Example 5: Evaluation of the Effectiveness on the Expression of the mRNA of Cells of the Skin by Microfluidic RT-qPCR Following Activation of the Extracts Using Light

[0164] The entirety of this handling is carried out in semi-darkness.

[0165] Material: [0166] module of red LEDs (wavelength=645 nm) preset to 160 μmol/m.sup.2/s, shown in FIG. 4. [0167] 20 ml glass test tube [0168] clamp [0169] support comprising a rod

[0170] Protocol:

[0171] In the semi-darkness, 5 ml of extract are poured into the test tube.

[0172] The test tube is then placed in the center of the module of LEDs by being fixed to the rod of the support by virtue of the clamp.

[0173] The module of red LEDs is then illuminated, and the light is left to act for 10 minutes.

[0174] After this 10 minutes, the light is cut and the sample remains in the semi-darkness.

[0175] The extract contained in the tube is withdrawn using a pipette, without stirring.

[0176] The photoactivated extract is used fresh, in the remainder of the protocol.

[0177] The experiment is performed three times (n=3) on normal human epidermal keratinocytes (NHEK) and normal human dermal fibroblasts (NHDF), where the extracts activated as described above are used.

[0178] Analysis Method:

[0179] The mRNA are extracted and reverse-transcribed into cDNA. The gene expression is quantified using qPCR, and normalized by the expression of reference genes.

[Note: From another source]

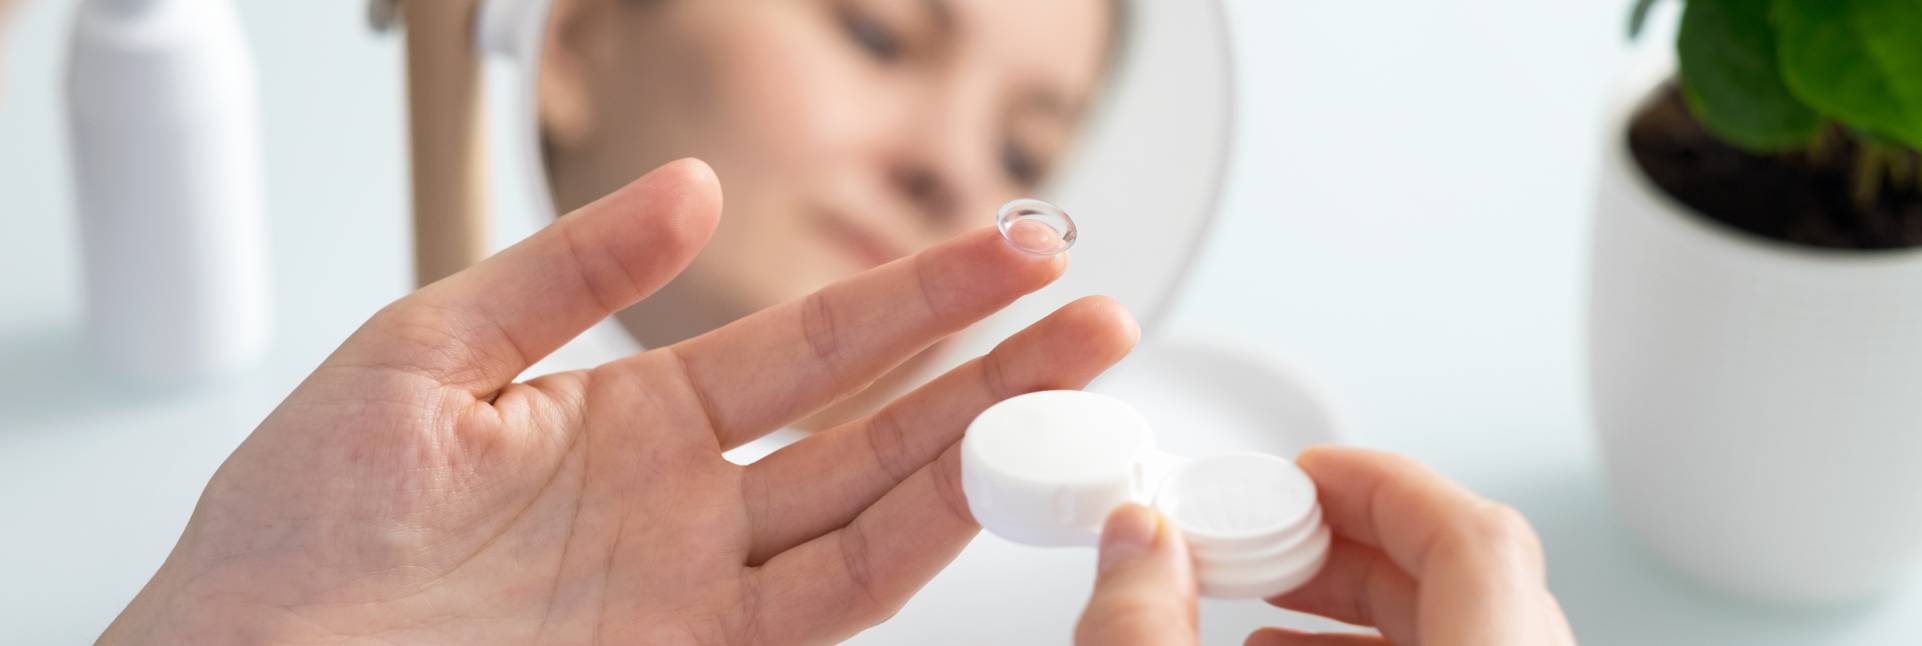 5 consejos para prevenir los ojos secos por lentillas

In order to confirm an activator or inhibitor effect, the values are compared with the reference condition, after contacting with the extracts.

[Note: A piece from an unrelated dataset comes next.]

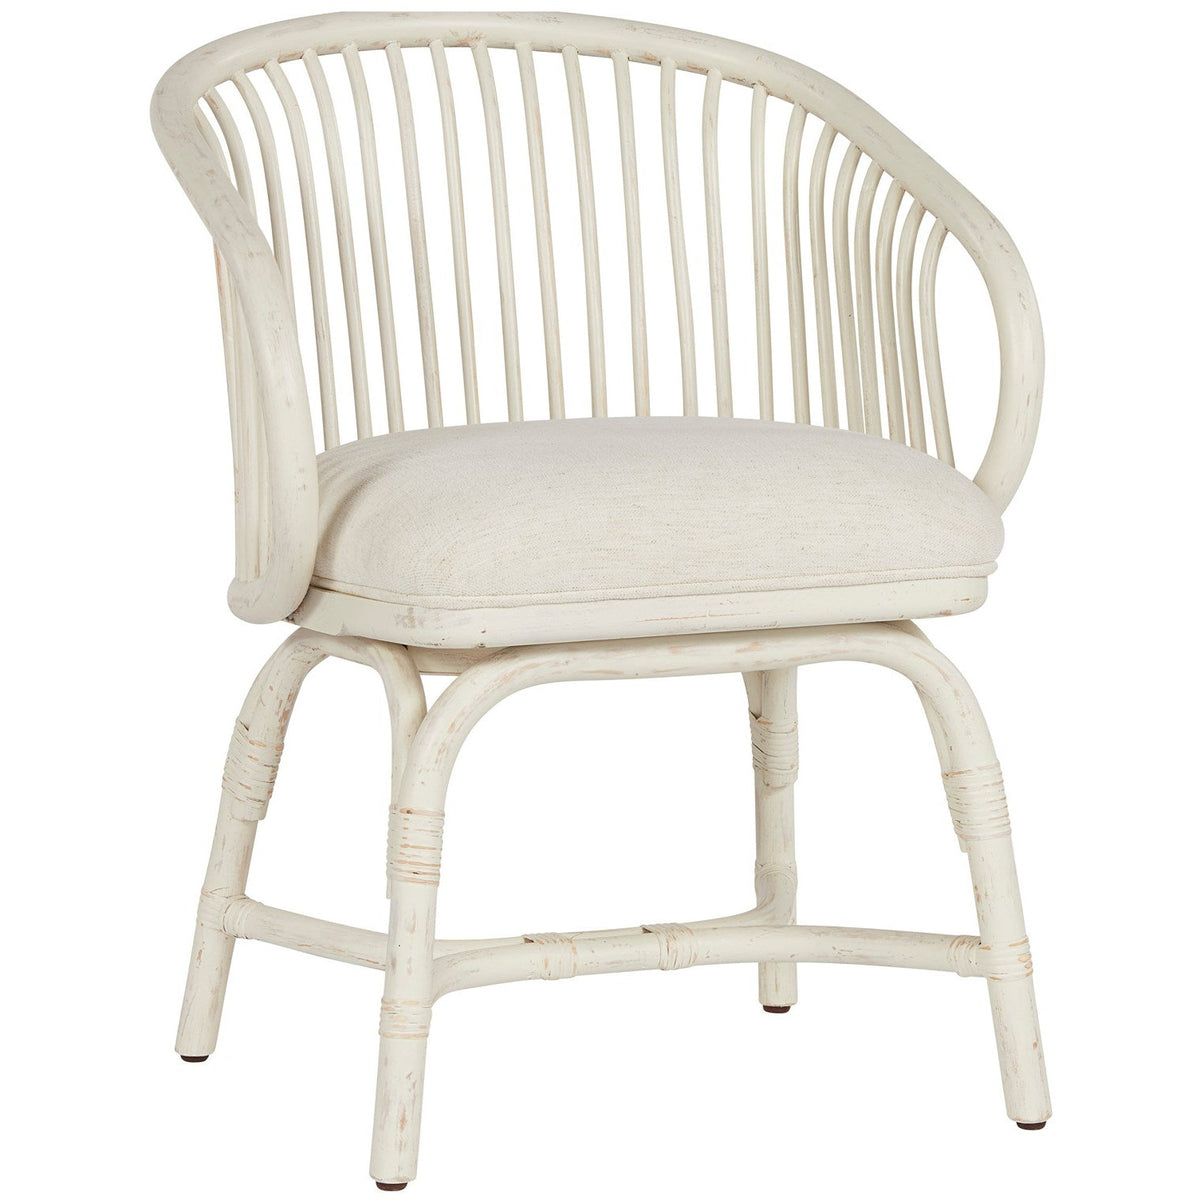 Aruba Rattan Chair - Be Bold Furniture

[0180] The genes evaluated are indicated in FIG. 3.

[0181] An increase in the expression of the genes Claudine 1, Collagen, Fibrillin 1 and 2 is observed, as well as, in a general manner, antioxidant genes. At the same time, a reduction in the expression of metallopeptidase 1, 3 and 9 genes, and inflammation, is observed.

[0182] In conclusion, a reduction in the expression of genes promoting cutaneous aging is observed.